No Brasil, a montagem chegou ao topo das paradas em plataformas de vídeos, mas, como ainda carece de autorização, não pode ser monetizada nem publicada em plataformas de streaming.

Mulú considera que seria interessante o mercado ter uma “resposta mais rápida” ao que é tendência e estoura, para dar mais agilidade aos processos de autorização. Para o DJ, se for utilizado de uma maneira correta e legal, o recurso das MTGs tem o potencial de divulgar artistas e dar-lhes novos horizontes.

Novas dinâmicas de negociação

Enxergar oportunidades comerciais pode ser uma saída para lidar com as MTG. Se os produtores não vão até o artista, o artista vai até eles. É o que aconteceu com a MTG “Quem Não Quer Sou Eu”, produzida pelo DJ Topo e que chegou ao número 1 entre as músicas mais ouvidas em 2024.

Brenda Espasandin, diretora do marketing da Music Pro, conta que a editora enxergou uma oportunidade na montagem que trazia trechos do fonograma lançado em 2011 por Seu Jorge no disco “Músicas para Churrasco, Vol. 1”.

“Esse processo aconteceu em dois momentos. Primeiro, a nossa expertise comercial de entender aquilo que estava performando através das plataformas sociais, que é onde o criador pode expor seu áudio sem monetizar.
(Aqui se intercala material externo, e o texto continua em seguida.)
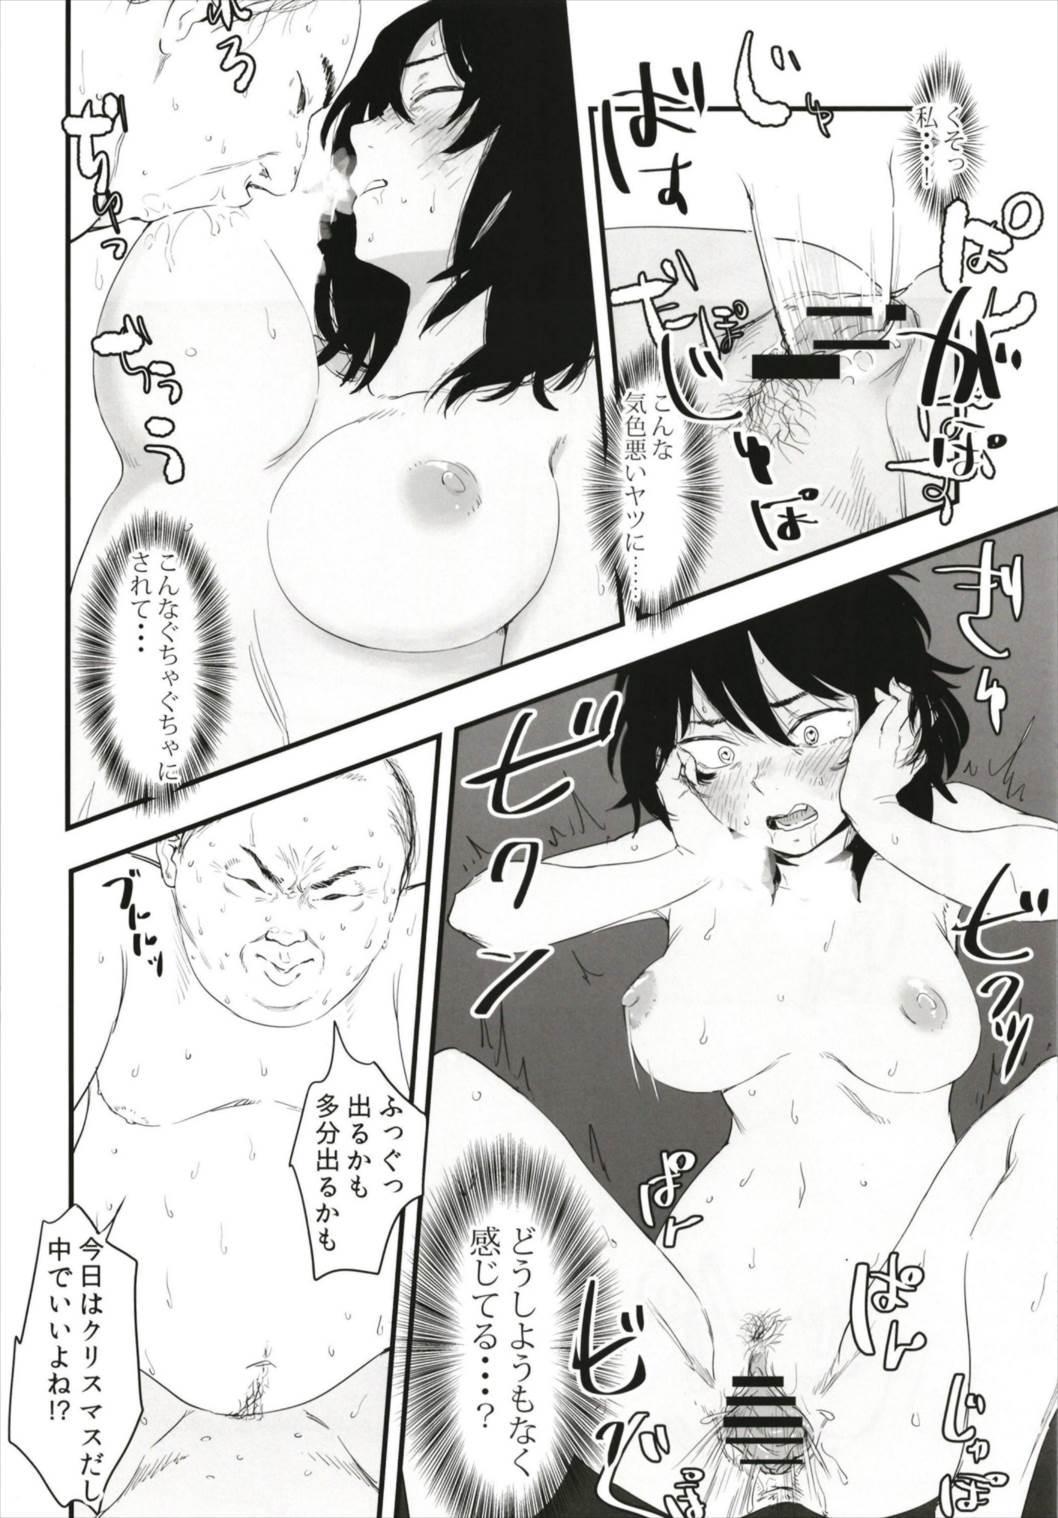 Uto Saori Selection Kono Chara ga Eroi 7

Por termos uma relação próxima com Seu Jorge, mostramos a versão para ele, que realmente gostou e deu a autorização”, ela afirma.

Nesse caso, a equipe comercial “pescou” a trend e procurou o DJ. Juliana Stelling, diretora do setor de edição de obras na Music Pro, conta que um dos pontos cruciais para liberação por parte do cantor e compositor foi o fato de a montagem não trazer conteúdo explícito. E reforça também que, quando há conversa e entendimento entre os DJ e os autores do fonograma, tudo flui bem.
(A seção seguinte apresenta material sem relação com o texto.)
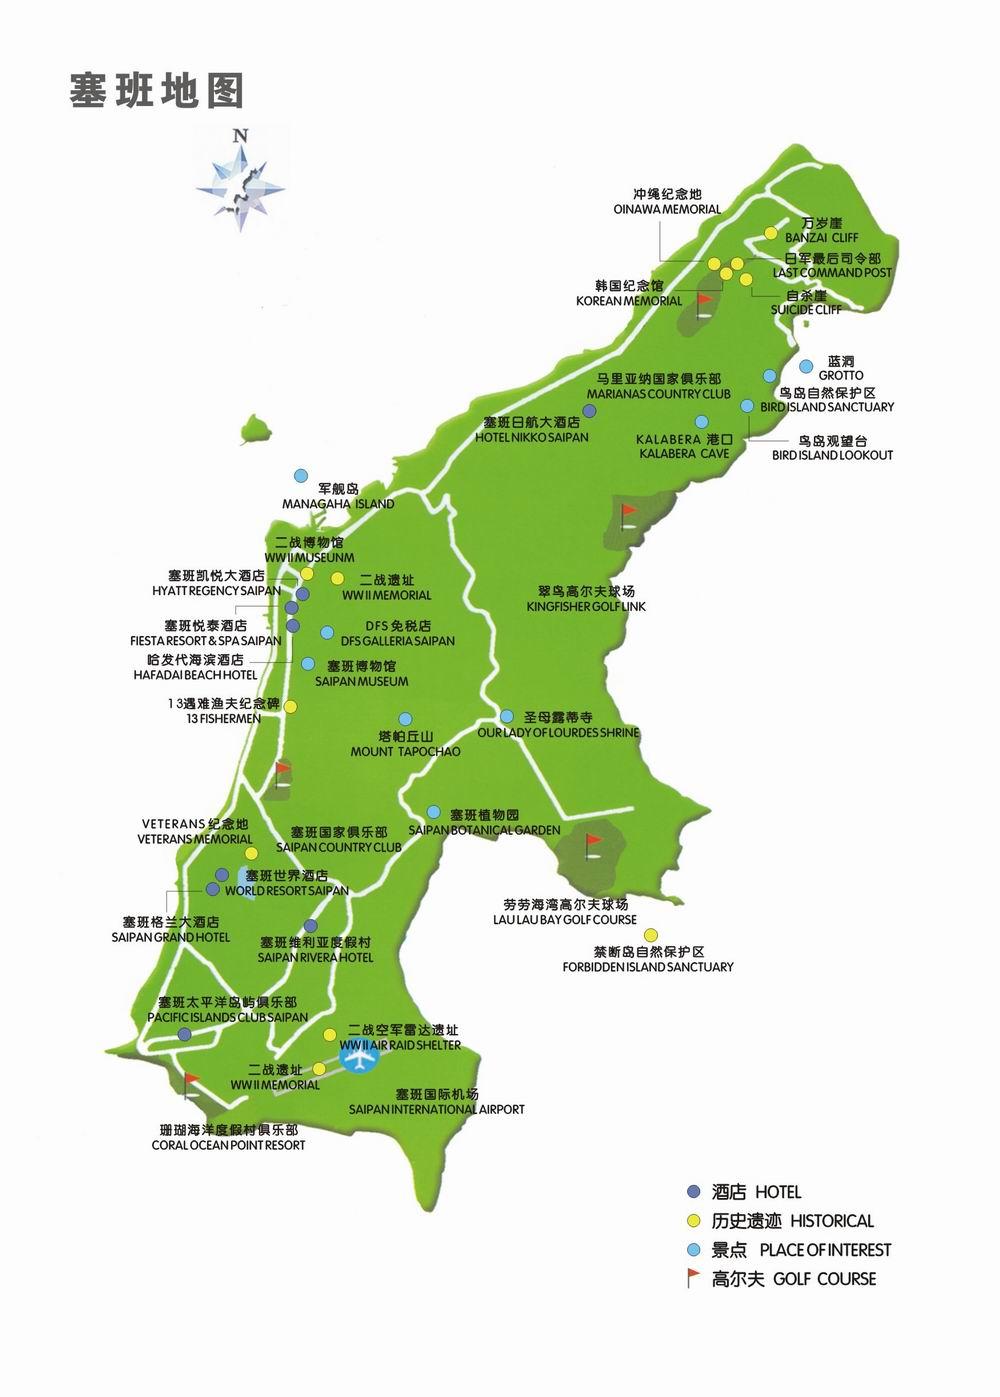 塞班岛旅游地图
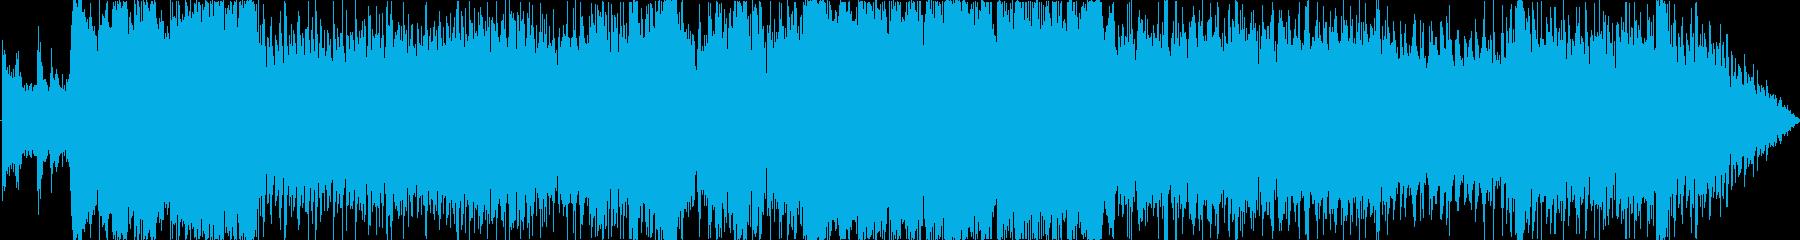 壮大で悲しいボス戦/EDMオーケストラ風の再生済みの波形

“A própria música ‘Quem Não Quer Sou Eu’ é uma faixa de 2011. Ou seja, depois de todo esse tempo a faixa volta a monetizar, puxada pelas MTGs, e apresenta também o artista a um outro público. Isso é benéfico para o artista, mas mais uma vez, depende da versão feita”, diz Juliana.

Mulú afirma que o atual cenário -- onde há DJs profissionais e sérios produzindo MTG dentro das regras e uma outra gama de criadores de conteúdos, entre DJs amadores e MCs e DJs das comunidades -- tem trazido diferentes reflexões sobre o tema, e que novos modelos são necessários.
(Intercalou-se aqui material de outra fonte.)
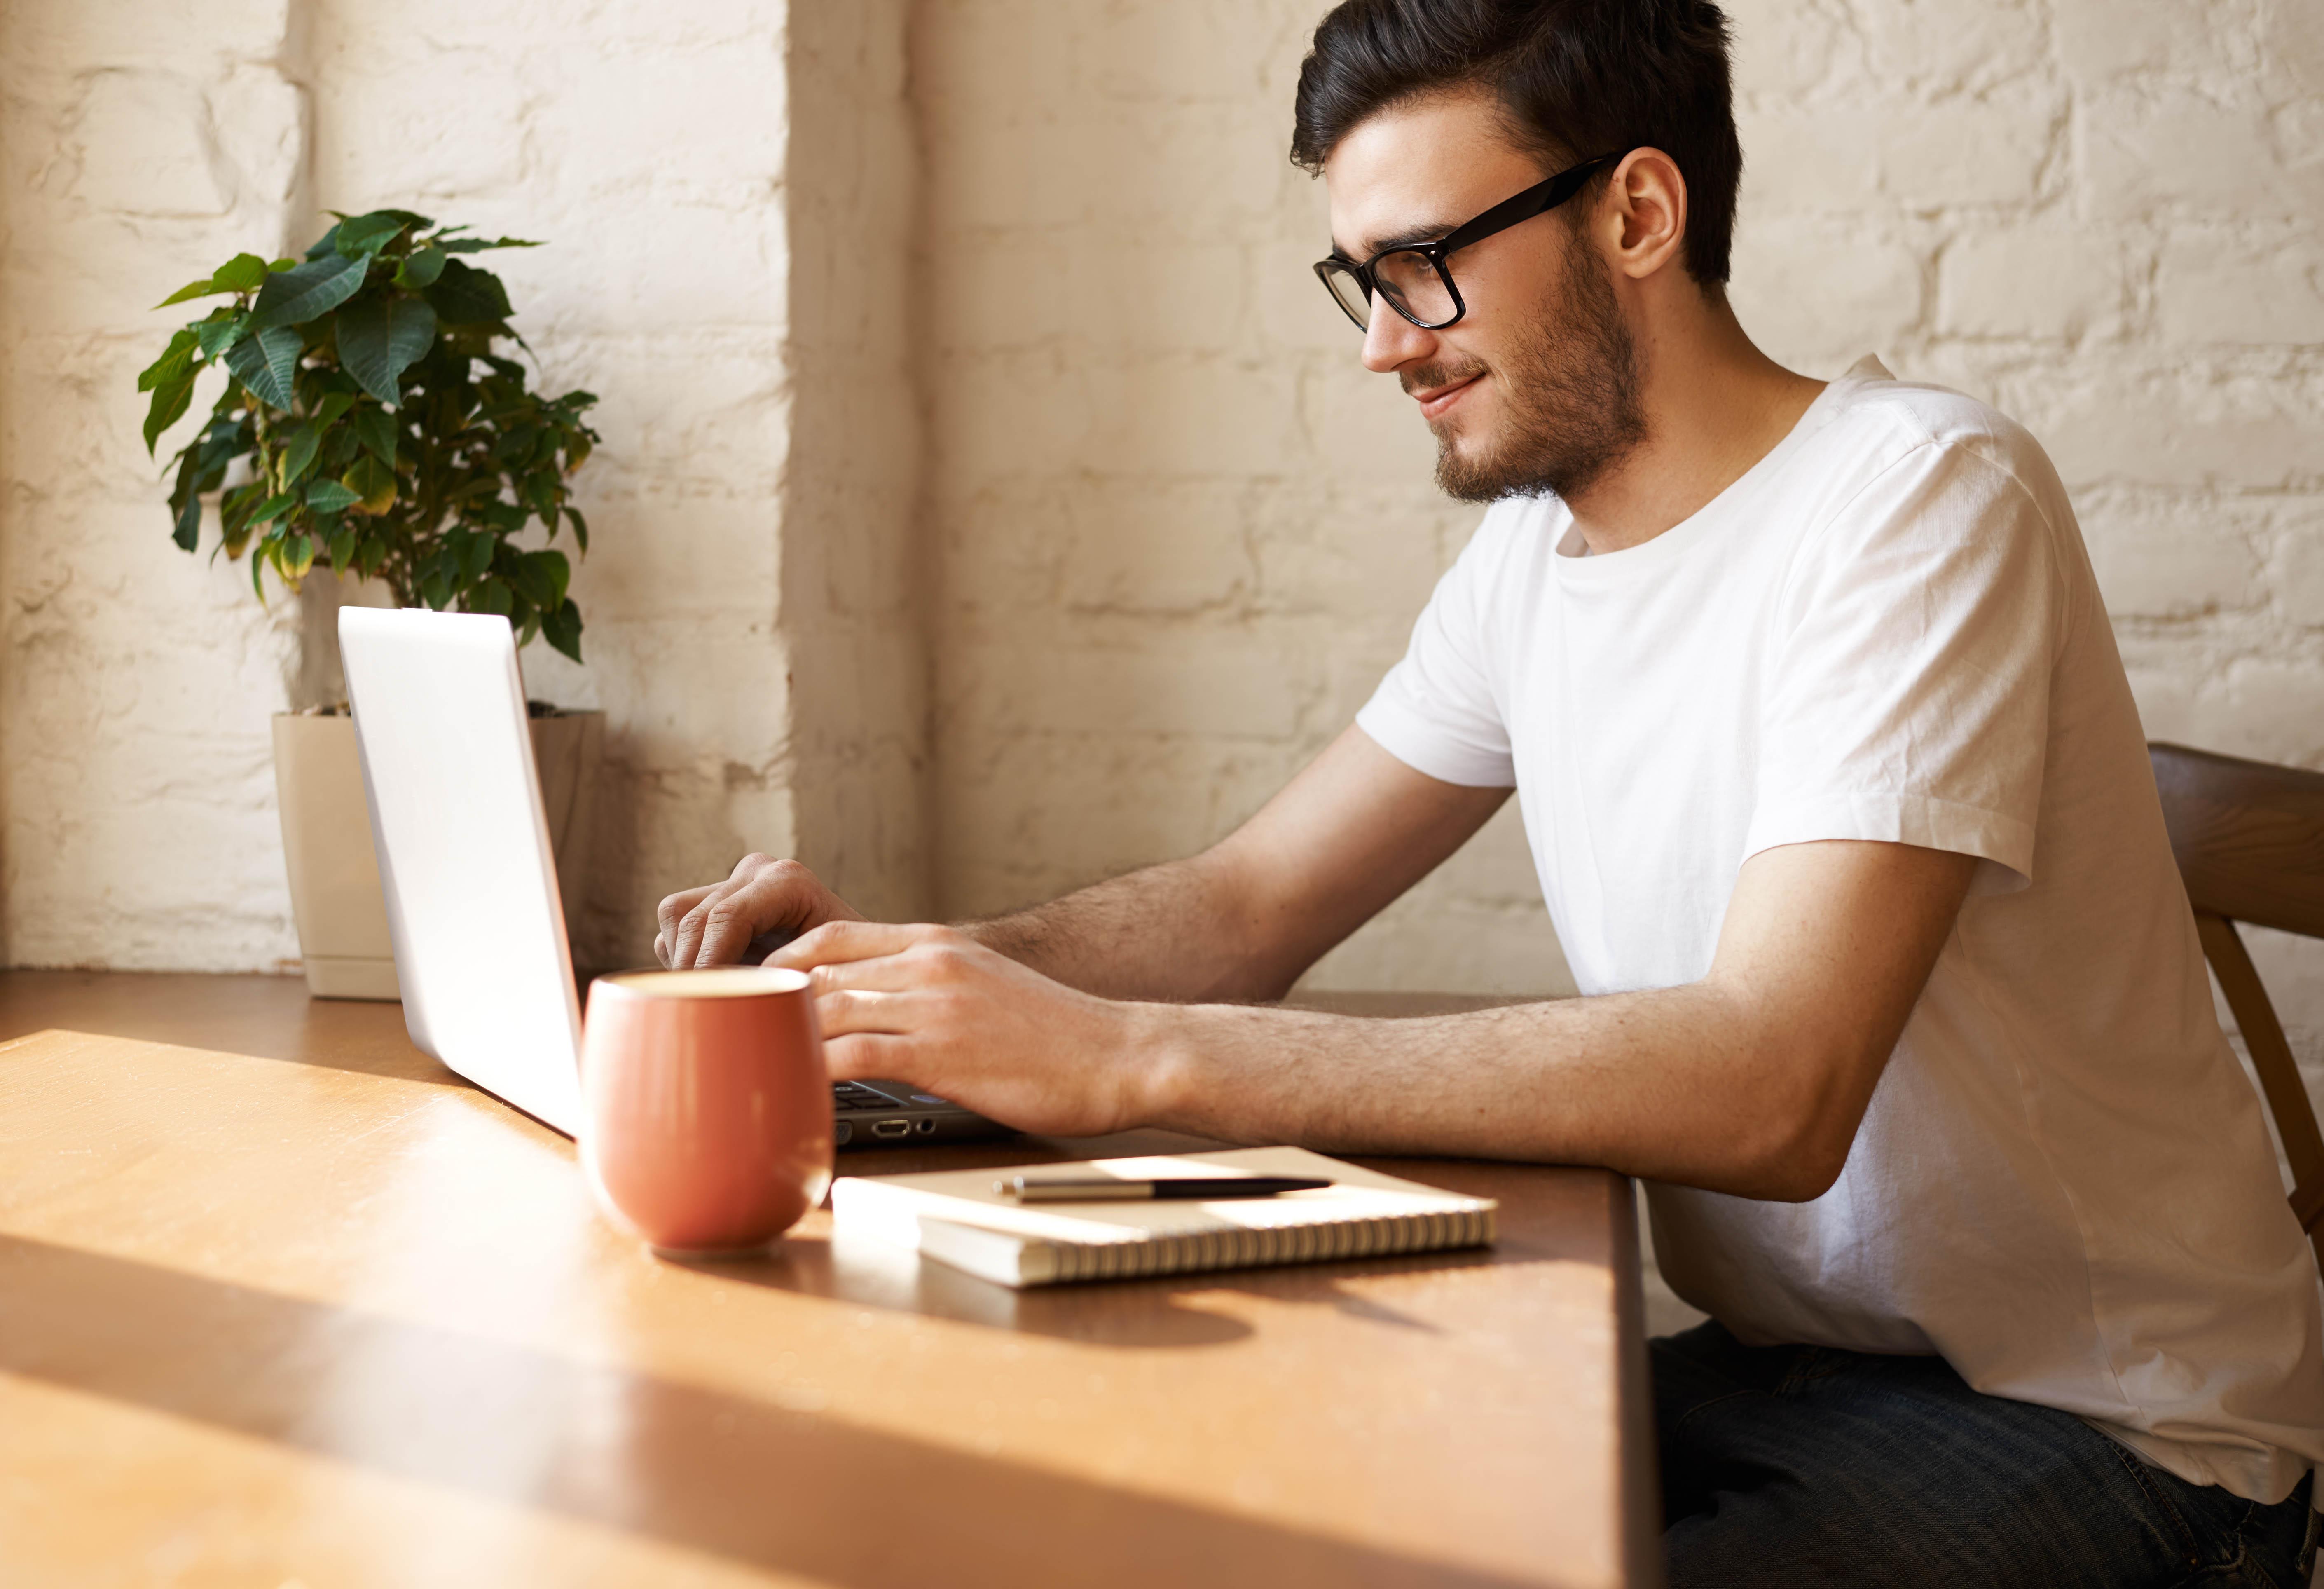 El UX Writing, una disciplina de diseño importante dentro del UX

"Acredito que as principais plataformas de streaming poderiam ter uma área dedicada aos conteúdos derivados criados pela comunidade. Essa área não competiria diretamente com os fonogramas originais, mas permitiria o consumo desse tipo de conteúdo além das redes sociais. Funcionaria como um laboratório, onde, caso fosse do interesse dos detentores dos direitos, esses conteúdos poderiam ser promovidos a fonogramas oficiais", diz ele.

Enquanto não há regulação, entidades pedem respeito aos titulares de direitos

Enquanto não há todo esse avanço, não são poucas as vozes que denunciam o uso ilegal das faixas. A UBC publicou um comunicado próprio sobre tema nesta sexta (28) e ainda subscreveu outro, que reuniu a Ubem, a Pro-Música, o Ecad e as sete sociedades que o compõem. No seu comunicado, a UBC sustenta que "vem tomando medidas para coibir cadastros de MTGs apresentados sem as necessárias autorizações. Por isso, estamos solicitando aos titulares que queiram cadastrar esses fonogramas com características de montagens, ou que já tenham realizado o cadastrado, que nos forneçam as devidas autorizações, a fim de que os cadastros sejam validados e os fonogramas possam receber as receitas referente aos seus usos nos locais onde arrecadamos direitos autorais." 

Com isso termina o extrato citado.